What is needed
Within the entries below, please retype exactly the lines starting with the line that has "Westerham Recycled Business Backpack" and going on through the line that has "New 2016 Corporate", but not the pictures.

Material for the task
—————

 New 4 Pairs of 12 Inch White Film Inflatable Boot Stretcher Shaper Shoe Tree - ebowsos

—————

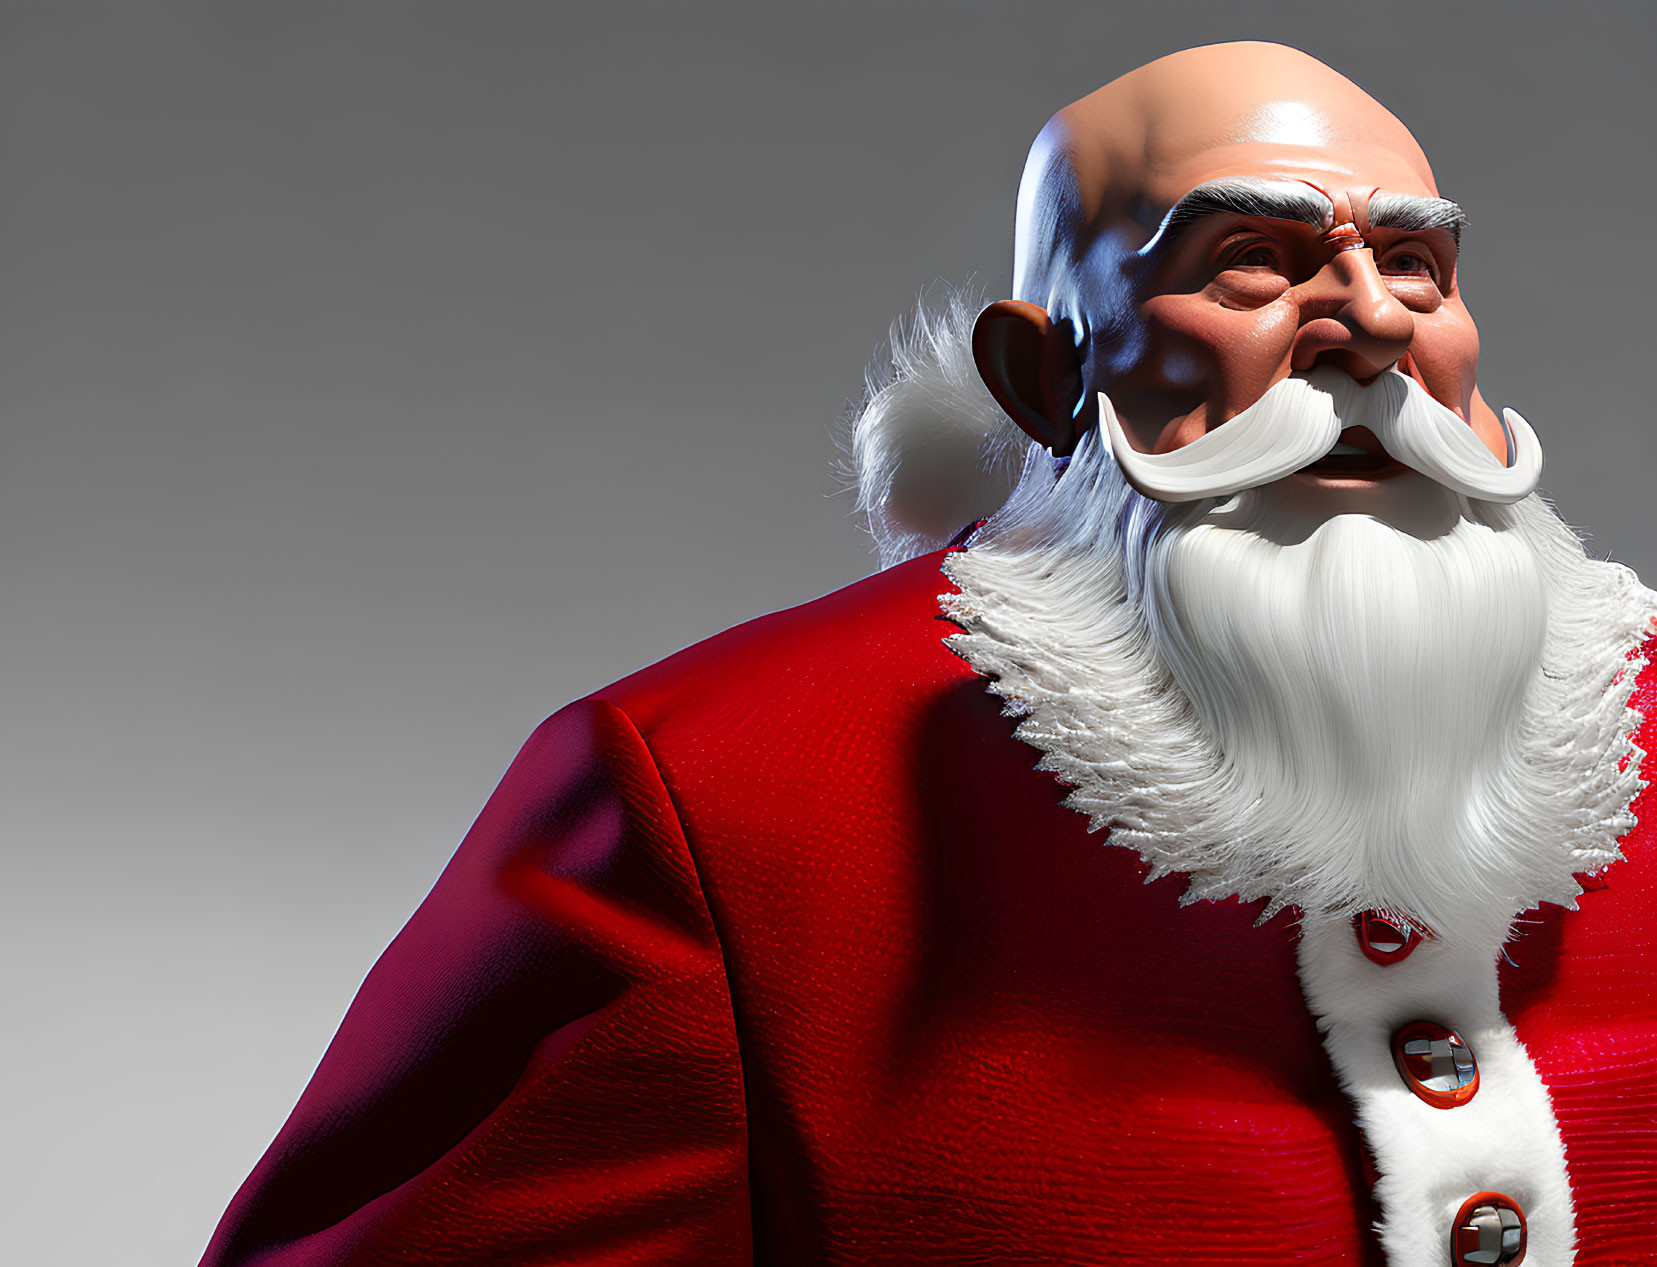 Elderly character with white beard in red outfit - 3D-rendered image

—————

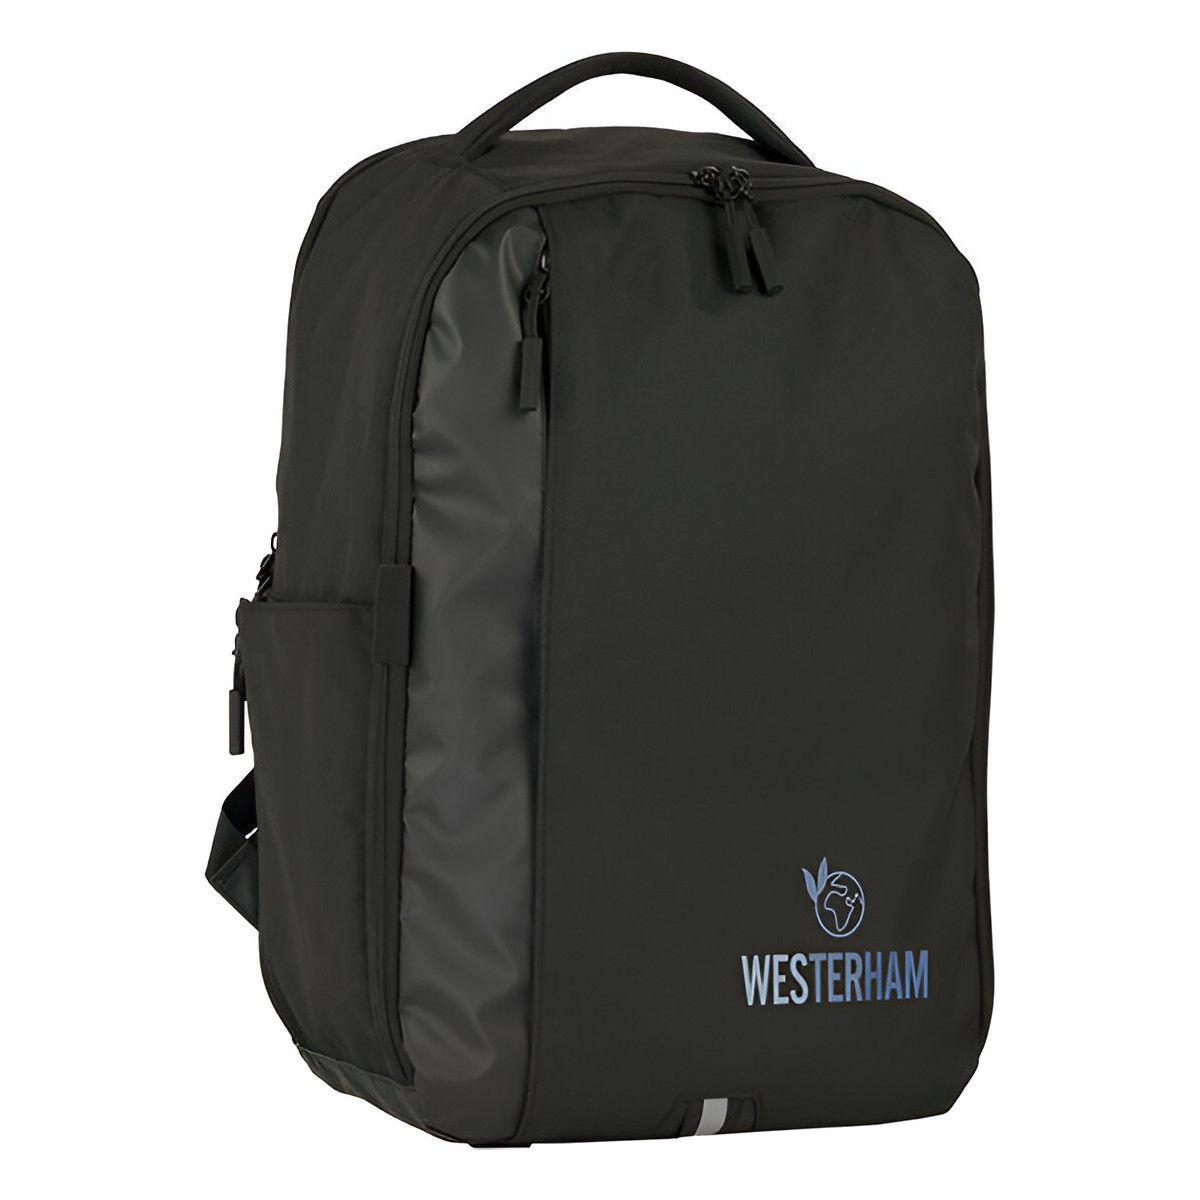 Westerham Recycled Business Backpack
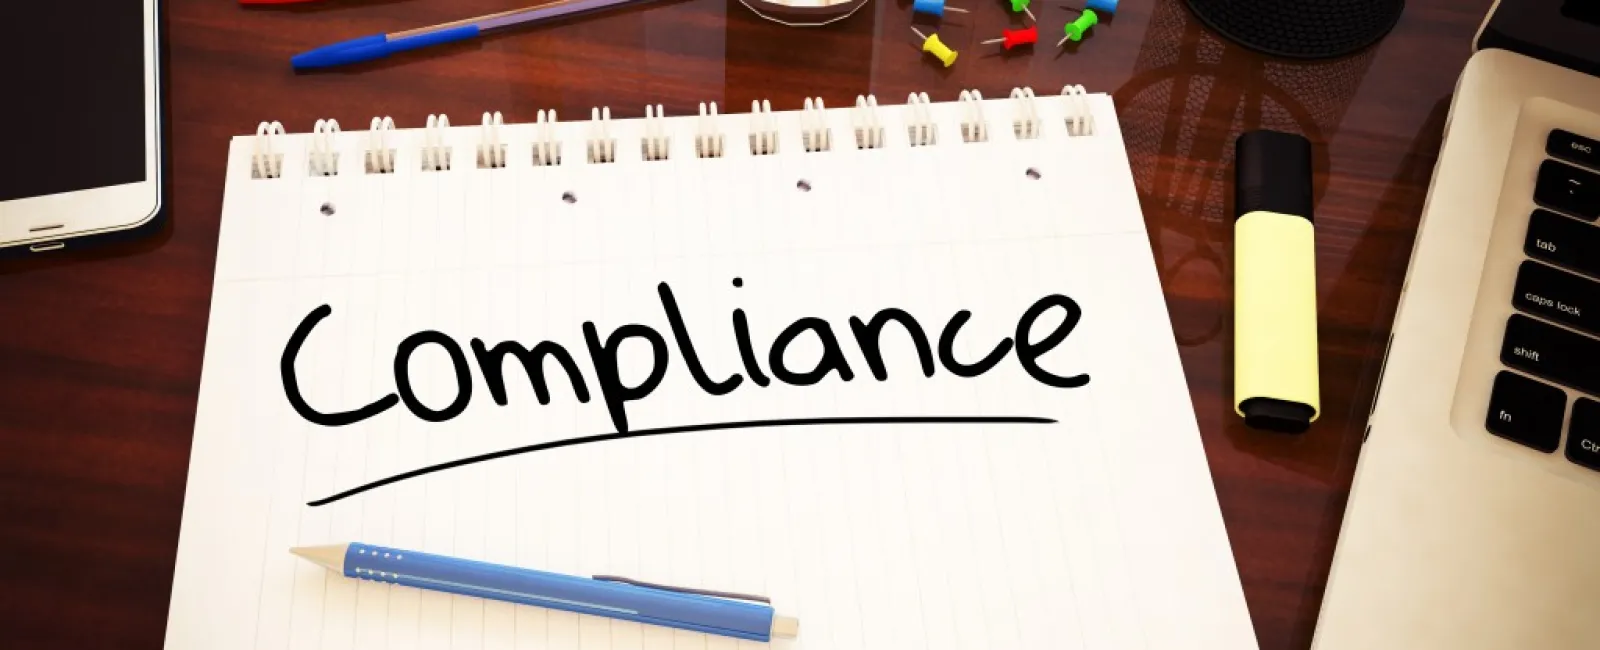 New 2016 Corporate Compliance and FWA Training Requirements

—————

Result of this exercise
 Westerham Recycled Business Backpack
 New 2016 Corporate Compliance and FWA Training Requirements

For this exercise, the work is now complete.